[Saved data entries]

+++++

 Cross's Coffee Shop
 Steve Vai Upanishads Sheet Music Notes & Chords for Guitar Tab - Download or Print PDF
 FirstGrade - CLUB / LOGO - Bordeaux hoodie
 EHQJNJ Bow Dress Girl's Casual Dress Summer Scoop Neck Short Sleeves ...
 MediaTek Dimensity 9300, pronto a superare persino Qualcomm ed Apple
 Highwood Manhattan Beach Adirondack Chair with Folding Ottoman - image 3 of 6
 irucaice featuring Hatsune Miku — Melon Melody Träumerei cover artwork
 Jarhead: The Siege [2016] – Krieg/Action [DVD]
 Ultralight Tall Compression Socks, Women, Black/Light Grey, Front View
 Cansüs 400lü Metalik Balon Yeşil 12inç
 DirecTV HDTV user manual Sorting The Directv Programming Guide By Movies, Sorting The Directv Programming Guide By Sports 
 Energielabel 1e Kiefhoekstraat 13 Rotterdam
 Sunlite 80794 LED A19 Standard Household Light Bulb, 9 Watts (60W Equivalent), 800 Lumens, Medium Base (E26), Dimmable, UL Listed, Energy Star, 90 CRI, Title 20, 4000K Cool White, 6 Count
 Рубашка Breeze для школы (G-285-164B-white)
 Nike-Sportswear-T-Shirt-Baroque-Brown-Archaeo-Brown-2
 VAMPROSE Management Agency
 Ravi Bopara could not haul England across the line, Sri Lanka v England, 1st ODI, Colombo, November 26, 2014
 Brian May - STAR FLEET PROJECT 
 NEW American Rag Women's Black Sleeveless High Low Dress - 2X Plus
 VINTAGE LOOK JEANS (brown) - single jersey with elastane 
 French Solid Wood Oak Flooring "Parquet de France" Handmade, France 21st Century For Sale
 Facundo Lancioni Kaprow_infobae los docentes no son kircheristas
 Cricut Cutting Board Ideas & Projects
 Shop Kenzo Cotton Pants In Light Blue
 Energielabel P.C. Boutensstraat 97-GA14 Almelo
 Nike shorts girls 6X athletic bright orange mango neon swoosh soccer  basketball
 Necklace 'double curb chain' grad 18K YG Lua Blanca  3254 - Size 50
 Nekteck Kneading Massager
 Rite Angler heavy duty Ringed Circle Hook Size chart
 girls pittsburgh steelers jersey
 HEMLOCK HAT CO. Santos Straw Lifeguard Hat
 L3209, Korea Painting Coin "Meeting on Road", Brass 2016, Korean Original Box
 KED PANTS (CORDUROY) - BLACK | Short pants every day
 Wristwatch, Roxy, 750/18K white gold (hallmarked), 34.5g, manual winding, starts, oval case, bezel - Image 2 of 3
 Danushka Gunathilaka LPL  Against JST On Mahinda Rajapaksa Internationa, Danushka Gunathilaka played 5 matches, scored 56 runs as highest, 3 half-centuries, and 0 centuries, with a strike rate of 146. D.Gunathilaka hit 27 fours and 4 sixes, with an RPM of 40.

+++++

Your objective: Gather up, from the records above, each line where the word "with" appears.

Finished task:
 Highwood Manhattan Beach Adirondack Chair with Folding Ottoman - image 3 of 6
 VINTAGE LOOK JEANS (brown) - single jersey with elastane 
 Danushka Gunathilaka LPL  Against JST On Mahinda Rajapaksa Internationa, Danushka Gunathilaka played 5 matches, scored 56 runs as highest, 3 half-centuries, and 0 centuries, with a strike rate of 146. D.Gunathilaka hit 27 fours and 4 sixes, with an RPM of 40.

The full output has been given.